A graduate of the Air Force Academy and a former F-15 fighter pilot, Dickson at Delta also served on committees advising the FAA, including the NextGen Advisory Committee and the Air Traffic Management Advisory Committee.

Delta issued a statement Tuesday calling Dickson “an admired and impactful leader who will serve the FAA and our country well.” The company said he “has the proven record and expertise to lead the efforts to improve our nation’s aviation system and ensure the safety and efficiency of our skies. We have no doubt that he will lead the FAA with the integrity and leadership that he has demonstrated throughout his career.”

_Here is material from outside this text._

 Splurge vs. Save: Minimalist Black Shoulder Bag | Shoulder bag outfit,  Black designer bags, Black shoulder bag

The Atlantan’s nomination had been rumored for months. Trump was also reportedly eyeing his personal pilot for the role, a proposition that drew resistance from lawmakers on Capitol Hill.

The roughly 45,000-person agency has been led by an acting head since January 2018.

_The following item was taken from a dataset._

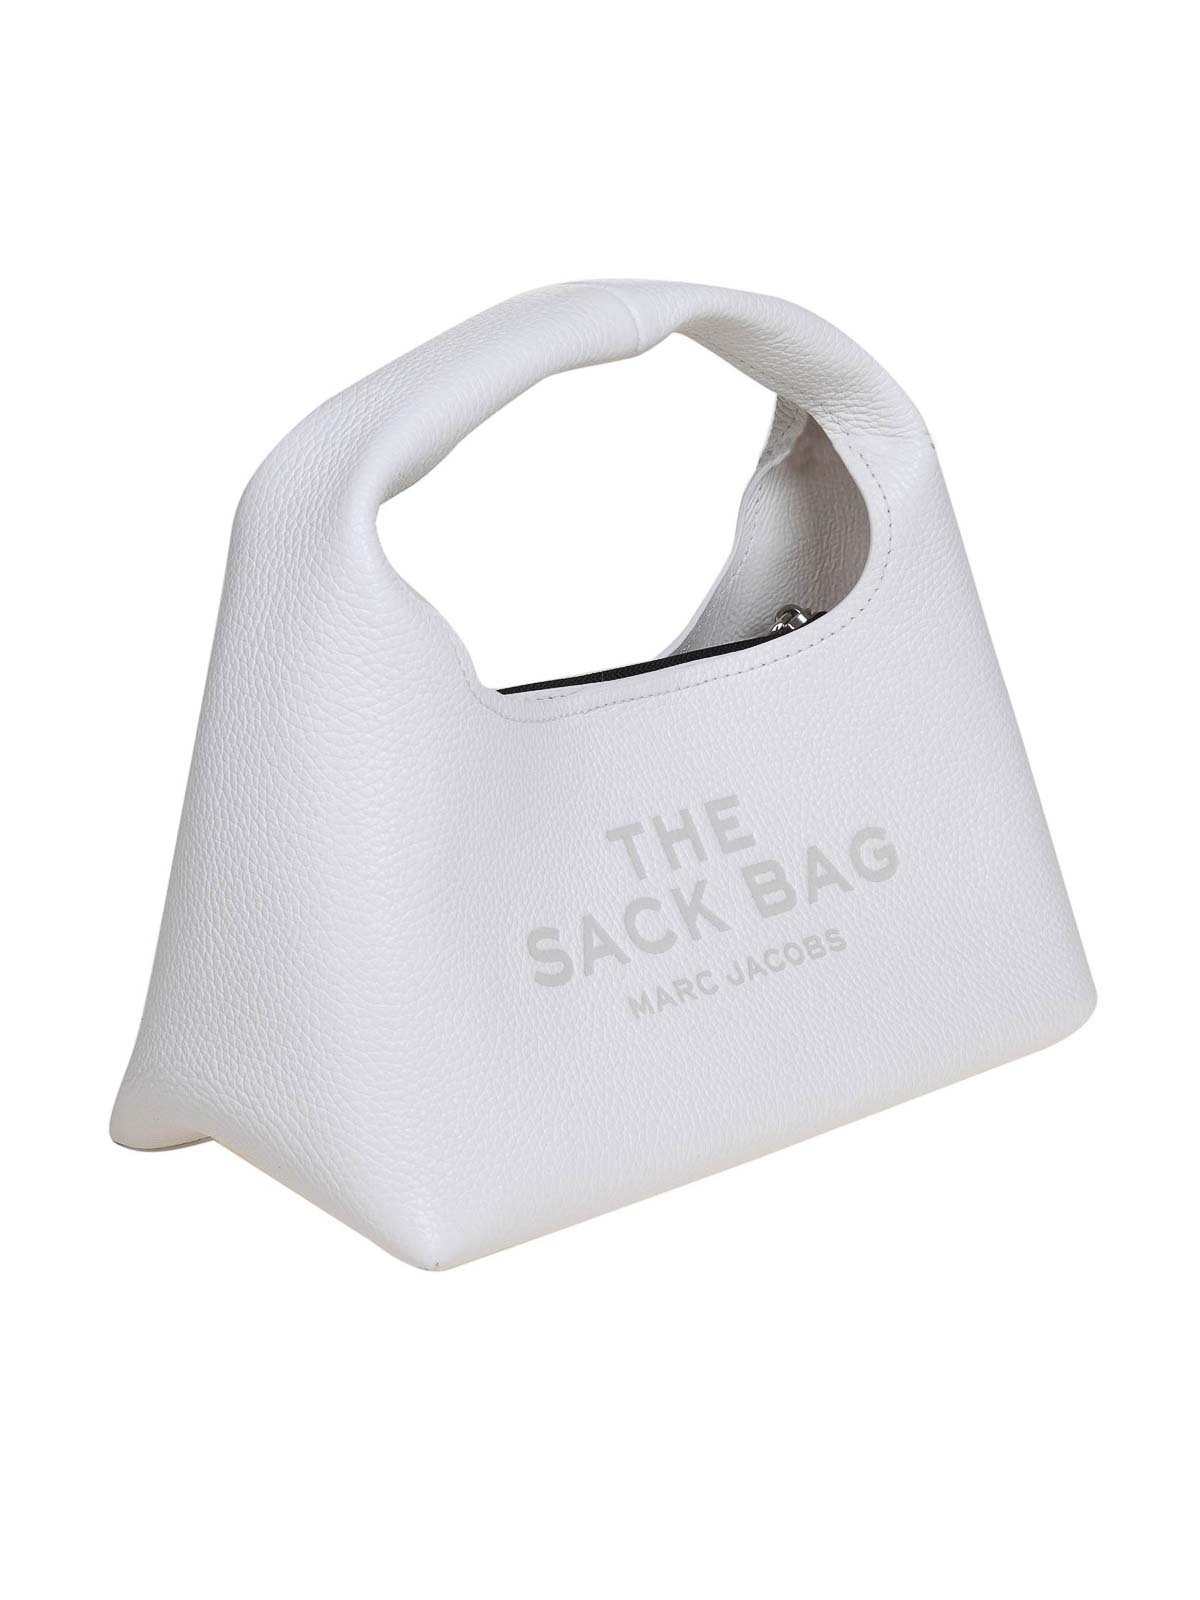 Marc Jacobs Mini The Sack Bag - Black

The FAA has recently faced a barrage of criticism about its safety standards and cozy relationship with airline manufacturers in the wake of two fatal crashes of Boeing 737 Max jetliners in Indonesia and Ethiopia.

Trump grounded the Max 8 and 9 planes last week.

Prior to the announcement, the FAA had stopped short of grounding the planes. It said its review showed “no systemic performance issues and provides no basis to order grounding the aircraft.”

Delta doesn’t have Boeing’s Max 8 or 9 airplanes in its fleet. But Southwest Airlines, the second-largest carrier at Hartsfield-Jackson International Airport, is among the U.S. airlines that fly the Boeing 737 Max 8.

In addition to investigating the recent 737 Max jetliner crashes, the FAA is also at the center of new drone regulations and talks to overhaul of the air traffic control system.

While at Delta, Dickson spoke out against a push to privatize the latter. In 2016, he said separating air traffic control from the FAA would disrupt work on the modernization of the air traffic control system known as NextGen. He said at the time that such a move would be “reckless” and added “we believe the more that is known of the details of this proposal the more opposition it will face.”

Delta softened its stance against air traffic control privatization the following year.

Dickson is the first senior airline executive to be appointed to lead the agency in roughly three decades, according to the Wall Street Journal.